StAX Parser - Overview


StAX is a JAVA based API to parse XML document in a similar way as SAX parser does. But there are two major points of difference between the two APIs −

  • StAX is a PULL API whereas, SAX is a PUSH API. It means in case of StAX parser, the client application needs to ask the StAX parser to get information from XML whenever it needs but in case of the SAX parser, client application is required to get information when the SAX parser notifies the client application that information is available.

  • StAX API can read as well as write XML documents. Using SAX API, xml can be only read.

Following are the features of StAX API −

  • Reads an XML document from top to bottom, recognizing the tokens that make up a well-formed XML document.

  • Tokens are processed in the same order as they appear in the document.

  • Reports the application program on the nature of tokens that the parser has encountered as they occur.

  • The application program provides an "event" reader which acts as an iterator and iterates over the event to get the required information.

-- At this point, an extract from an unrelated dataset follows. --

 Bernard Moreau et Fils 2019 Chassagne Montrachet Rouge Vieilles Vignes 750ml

Another reader available is the "cursor" reader which acts as a pointer to xml nodes.

  • As the events are identified, xml elements can be retrieved from the event object and can be processed further.

When to use?

You should use a StAX parser when −

  • You can process the XML document in a linear fashion from top to bottom.

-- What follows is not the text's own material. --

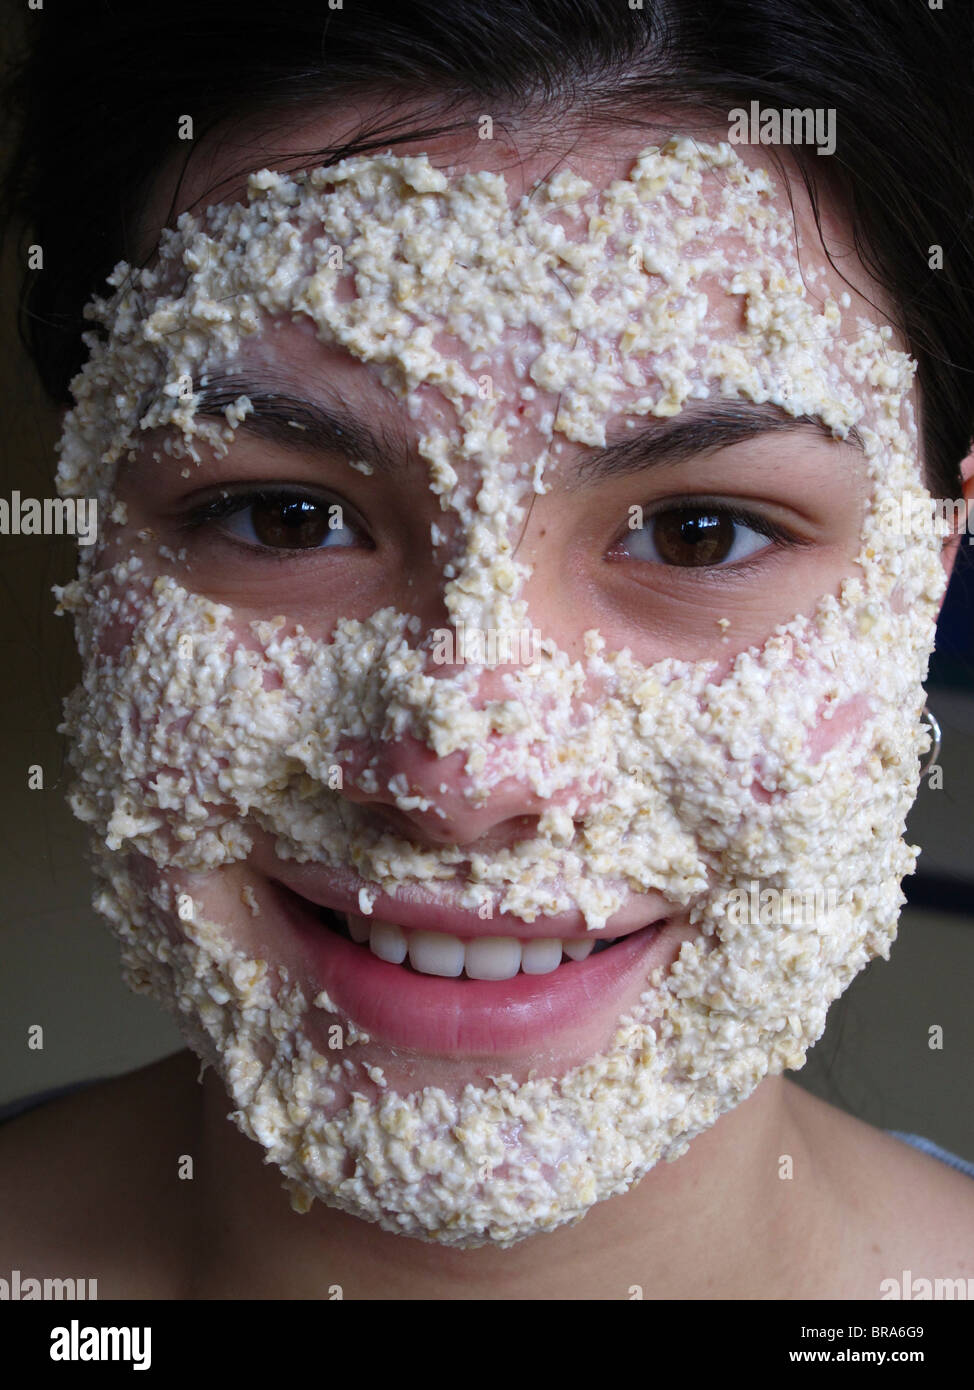 Ragazza adolescente utilizzando una maschera di avena per ripulire la sua pelle Foto Stock

  • The document is not deeply nested.

  • You are processing a very large XML document the DOM tree of which will consume too much memory. Typical DOM implementations use ten bytes of memory to represent one byte of XML.

  • The problem to be solved involves only part of the XML document.

  • Data is available as soon as it is seen by the parser, so StAX works well for an XML document that arrives over a stream.

Disadvantages of SAX

  • We have no random access to an XML document since it is processed in a forward-only manner.

  • If you need to keep track of data the parser has seen or change the order of items, you must write the code and store the data on your own.

XMLEventReader Class

This class provides the iterator of events which can be used to iterate over events as they occur while parsing the XML document

  • StartElement asStartElement() − Used to retrieve value and attributes of element.

  • EndElement asEndElement() − Called at the end of an element.

  • Characters asCharacters() − Can be used to obtain characters such as CDATA, whitespace, etc.

XMLEventWriter Class

This interface specifies methods for creating an event.

  • add(Event event) − Adds event containing elements to XML.

XMLStreamReader Class

This class provide iterator of events which can be used to iterate over events as they occur while parsing the XML document

  • int next() − Used to retrieve next event.

  • boolean hasNext() − Used to check further events exists or not

  • String getText() − Used to get text of an element

  • String getLocalName() − Used to get name of an element

XMLStreamWriter Class

This interface specifies methods for creating an event.

  • writeStartElement(String localName) − Adds start element of a given name.

  • writeEndElement(String localName) − Adds end element of a given name.

  • writeAttribute(String localName, String value) − Writes attribute to an element.